Лючевский был как-то не в себе, страшно ему чего-то стало…

— Не требую, не требую! — выкрикнул он, пытаясь возвратить бумажку, но Тишковы обратно ее не приняли. Он завздыхал: — Все мы во власти непредвиденных обстоятельств… Туманен путь наш… Колучовского старика Северинова скрутило как! Да… Живи и оглядывайся.

— А ну тебя хватит кондрашка? Куды капиталы денешь? Оставь завещанье — в гроб положим, — подкинул вошедший Степин.

— Шутник ты, инвалид. Неизвестно, кому дано раньше. Не каркай.

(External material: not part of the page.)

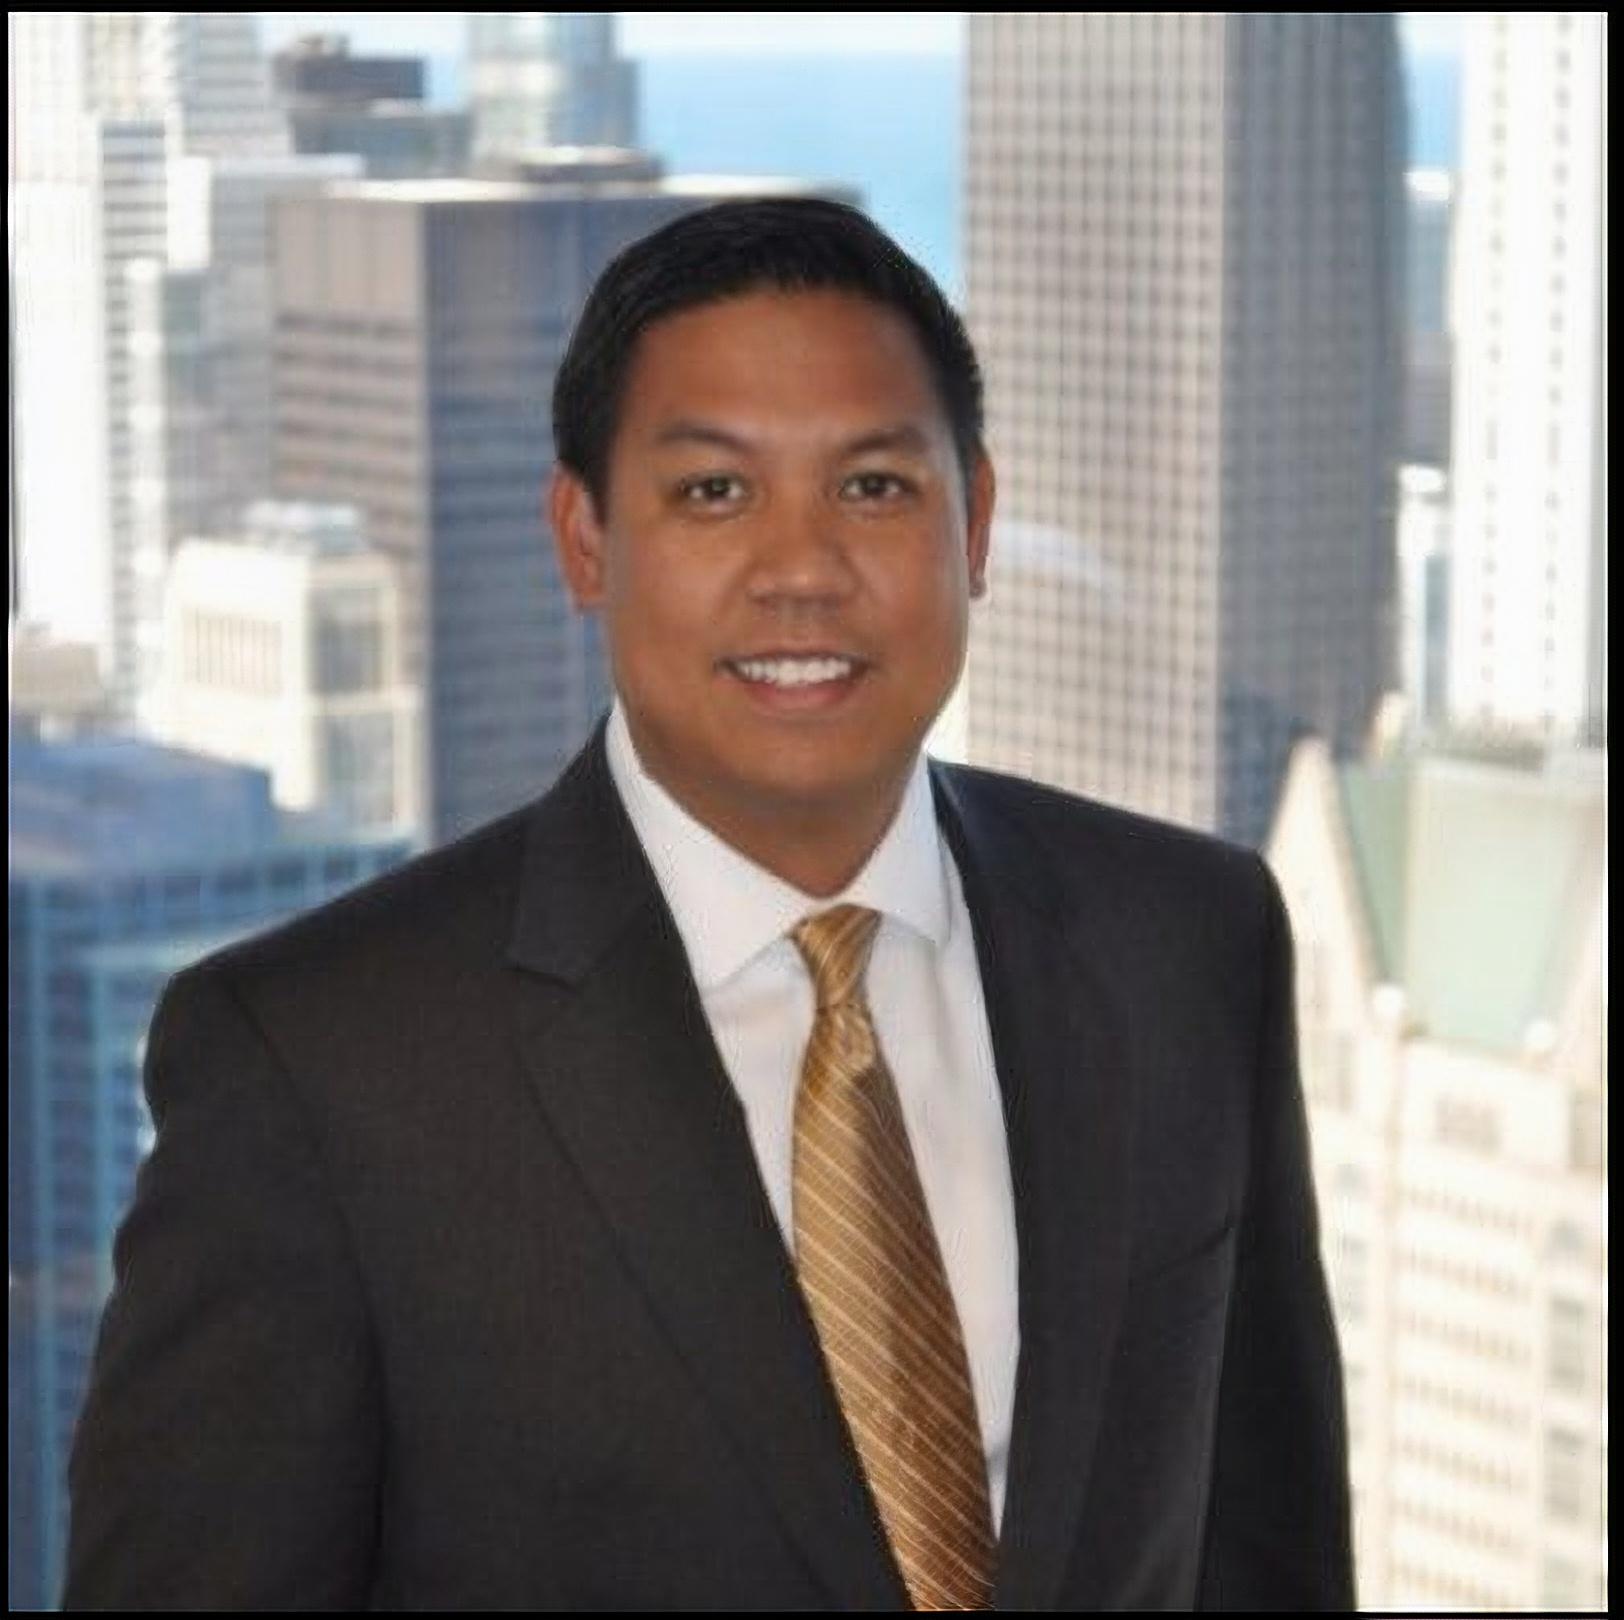 Gary Dennison, CEO of Equiti US

А через день Лючевского парализовало: отнялась речь, левая рука и нога. Лежал на засаленном диване скрюченной колодой; глядя в потолок, плакал, но кому было пожаловаться? Стенам? Пыльным шкафам?

О случившемся с Лючевским Тишковым сказал Князев — понес ему долг «с процентиком».

Через несколько дней речь к Иннокентию Сергеевичу вернулась, но нога и рука остались деревянными. Скрюченный, на костыле, выползал во двор, надолго замирая неподвижной колодой; как-то вечером взгребся к Тишковым. Так и бухнулся ниц — жалкий, просящий людского милосердия.

— О, как же жить? Братья милые, мы ведь, можно сказать, единоутробны… Лучше уж околеть.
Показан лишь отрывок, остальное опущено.